Womit lässt sich der Anstieg der Nachfrage erklären?

Ein Grund ist, dass die Digitalisierung während der Pandemie einen deutlichen Schub erfahren hat. Die Nachfrage nach elektronischen Büro- und Konsumgütern wie Tablets, TVs, Webcams und Haushaltsgeräten ist in dieser Zeit stark gewaschen – teils um bis zu 50 Prozent. Aber auch langfristige Trends wie das vernetzte Fahren und die notwendige Digitalisierung der Energiewende werden die Nachfrage hochhalten.
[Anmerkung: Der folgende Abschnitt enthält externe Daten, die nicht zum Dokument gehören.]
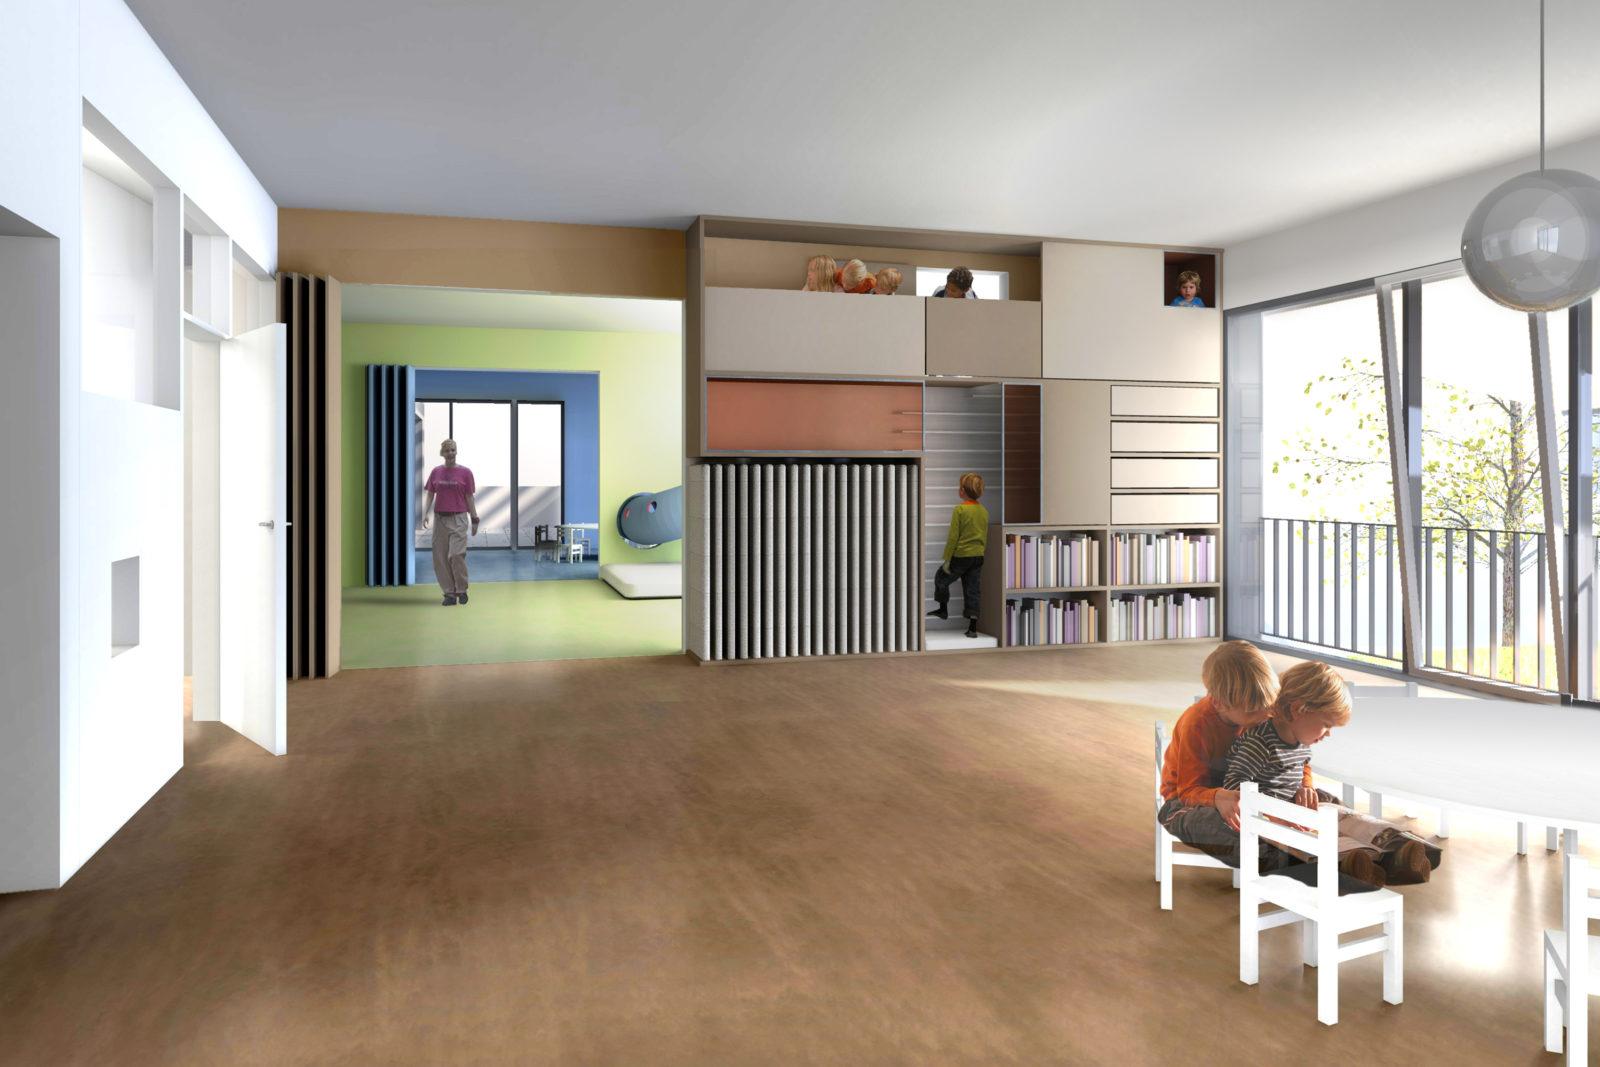 Neubau Kita Blumenstraße in Leipzig, Gohlis - Blick in einen Gruppenraum

Hinzu kamen unter anderem ein Brand bei einem japanischen Chiphersteller, ein Schneesturm in Texas und die Blockade im Suez-Kanal, die große Produktionen zum Stocken gebracht haben. Die Chipproduktion ist ein global hochgradig komplexes Wertschöpfungsnetzwerk und extrem arbeitsteilig. Als Faustregel gilt, dass ein einzelner Halbleiter bis zu seinem Einsatz etwa zweieinhalbmal um die Erde reist.

Welche Folgen hat der Chipmangel für die Wirtschaft und Verbraucher?
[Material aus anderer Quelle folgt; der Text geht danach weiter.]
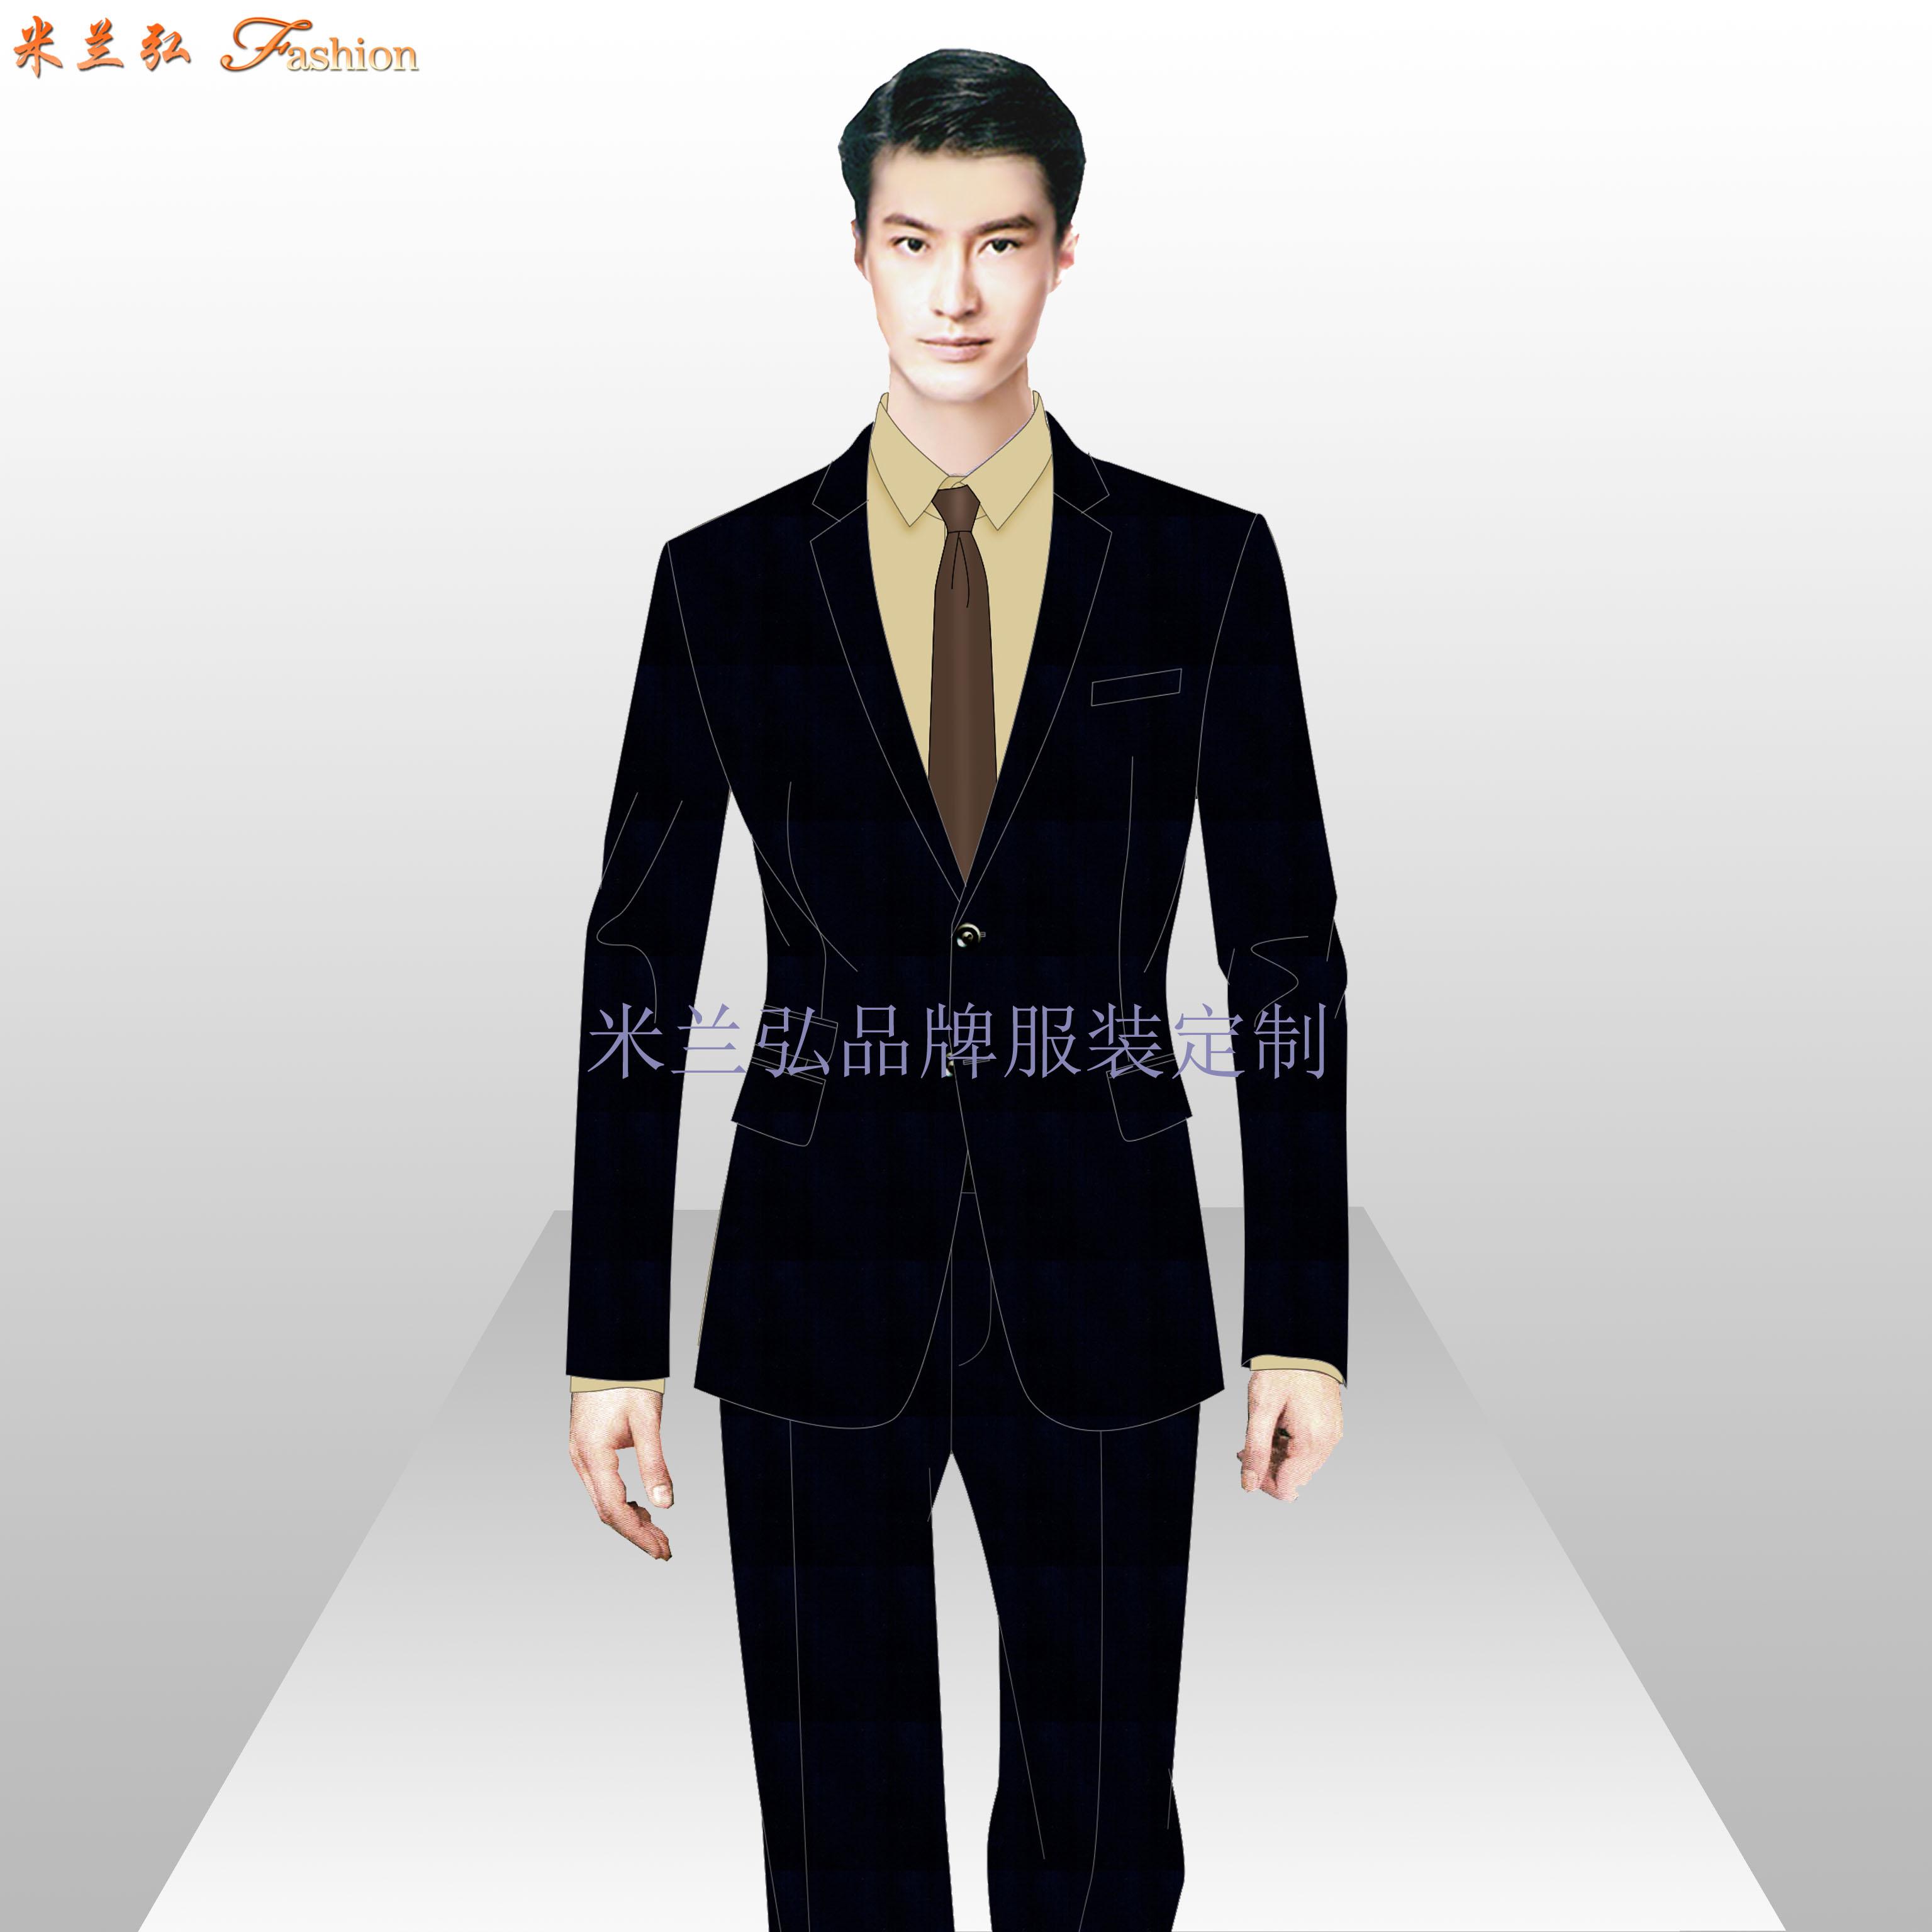 通州區西服定制_北京通州職業裝訂做-米蘭弘服裝廠家-4

Lieferschwierigkeiten gibt es derzeit tatsächlich noch immer nahezu in allen Branchen, da die Produktionskapazitäten beeinträchtigt und die Lieferketten weiterhin fragil sind. Insgesamt ist die Situation uneinheitlich, da die Produktgruppen unterschiedlich betroffen sind. Elektrische Konsumgüter wie Hausgeräte beispielsweise sind von den Engpässen bei Halbleitern und den knappen Transportkapazitäten von Asien und Europa stark betroffen.
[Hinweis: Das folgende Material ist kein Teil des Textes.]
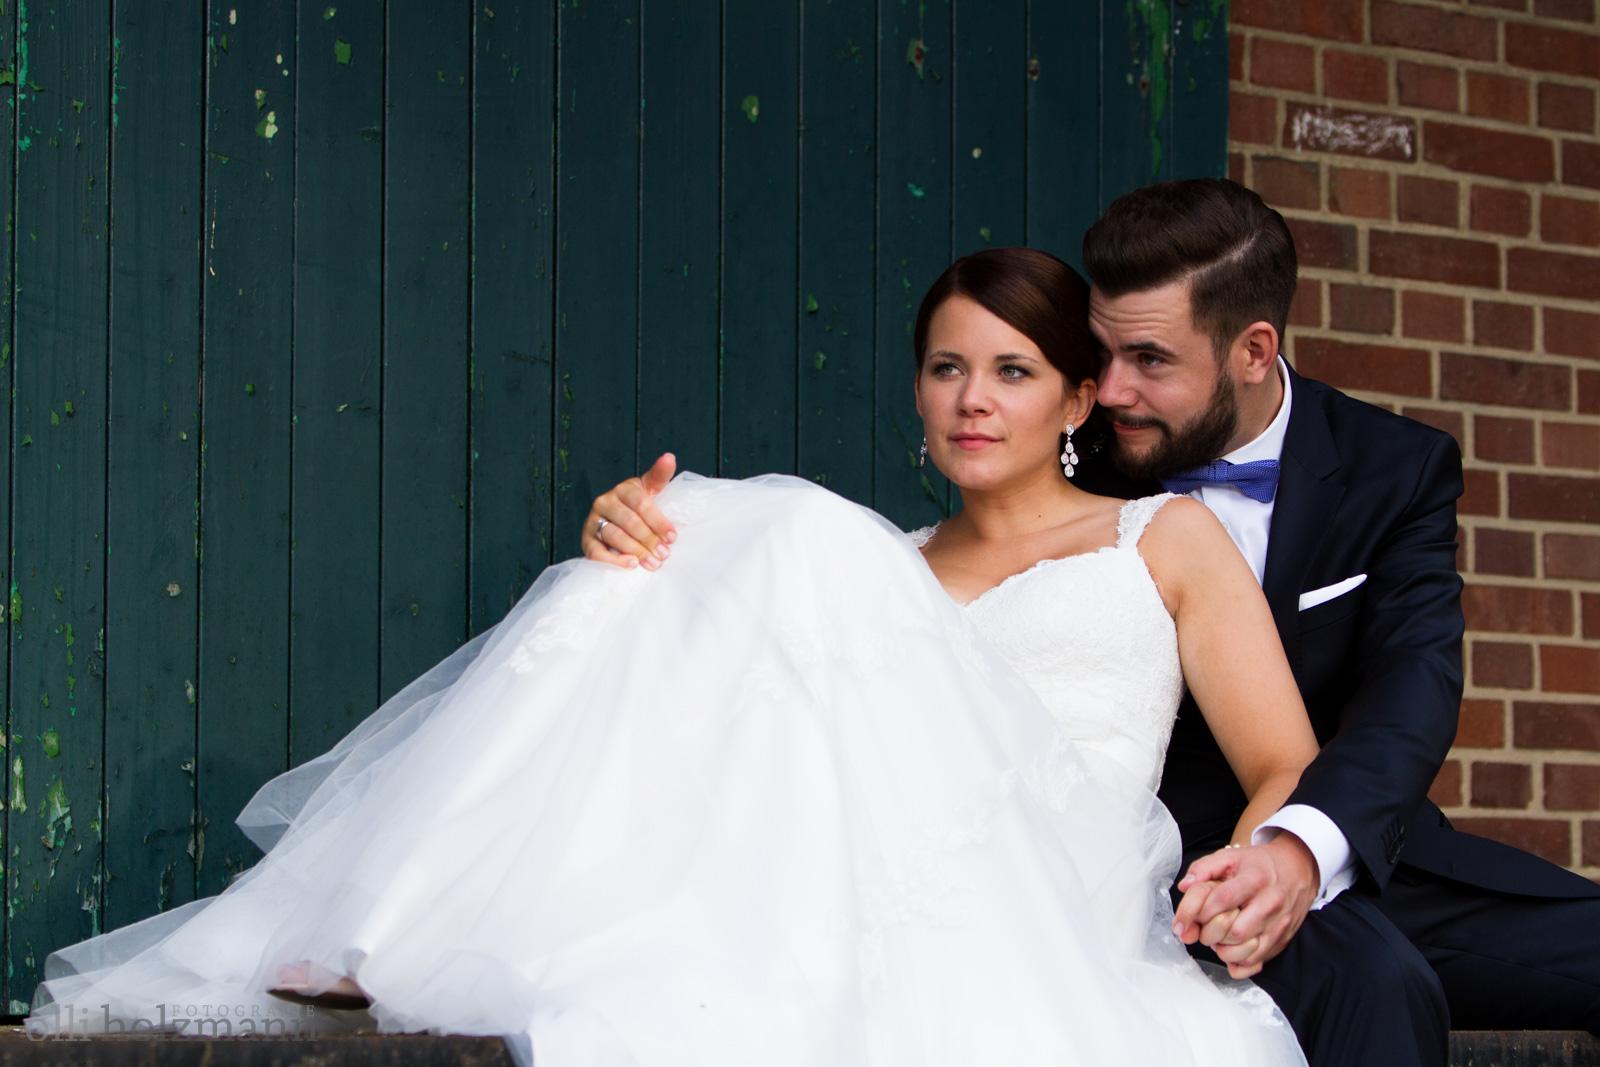 Hochzeitsfotograf_Sonsbeck-103.jpg

Dr. Sven Baumann, Experte des Zentralverbands Elektrotechnik- und Elektronikindustrie e.V. (ZVEI) für Mikroelektronik (Quelle: ZVEI)

Nicht jeder Kunde oder jede Kundin kann deshalb derzeit damit rechnen, das Wunschgerät wie gewohnt gleich mitnehmen zu können oder innerhalb der gewohnt kurzen Frist geliefert zu bekommen. Allerdings gibt es nach wie vor ein breites Angebot an Hausgeräten, Alternativen sind also verfügbar.

Ohne Mikrochips können die meisten Produkte unseres Alltags nicht funktionieren. Doch die Hersteller sitzen im Ausland. Wie gefährlich kann diese Abhängigkeit werden?

In Europa existiert eine global sehr starke Halbleiterindustrie für bestimmte Halbleitersegmente und -produkte. Sie sind aktiv im Chipdesign, in der Fertigung sowie im Testen.

Dann zu der von Ihnen erwähnten Abhängigkeit: Es gilt, einseitige Abhängigkeiten zu verhindern. Es geht allerdings nicht darum, Autarkie zu erreichen, denn das wäre grundsätzlich falsch. Das global aufgestellte Wertschöpfungsnetzwerk der Halbleiterbranche ist sinnvoll und muss auch in Zukunft weiter Bestand haben.

Wichtig ist, dass die europäischen Stärken in der Halbleiterbranche ausgebaut werden sowie die derzeit in Europa schwächer vorliegenden Halbleitersegmente sukzessive erweitert und gestärkt werden.

Die Chipkrise hat die Automobilbranche am stärksten getroffen. Haben die Hersteller die Entwicklung falsch eingeschätzt?

Die Engpässe in der Automobilbranche hängen wesentlich damit zusammen, dass diese zum Beginn der Pandemie im Frühjahr 2020 ihre Bestellungen deutlich zurückfuhren, woraufhin die Chiphersteller ihre Produktion etwa auf andere Segmente, wie z. B. Kommunikation, Consumer oder Medizintechnik verlagert haben.

Experte: Chipproduktion ist komplex und „extrem arbeitsteilig“ (Reuters)

Die EU-Kommission hat eine Chipoffensive gestartet und will die europäische Chipindustrie mit 43 Milliarden Euro fördern. Damit soll die Abhängigkeit aus dem Ausland verringert werden. Ist das der richte Lösungsansatz für die gegenwärtige Krise?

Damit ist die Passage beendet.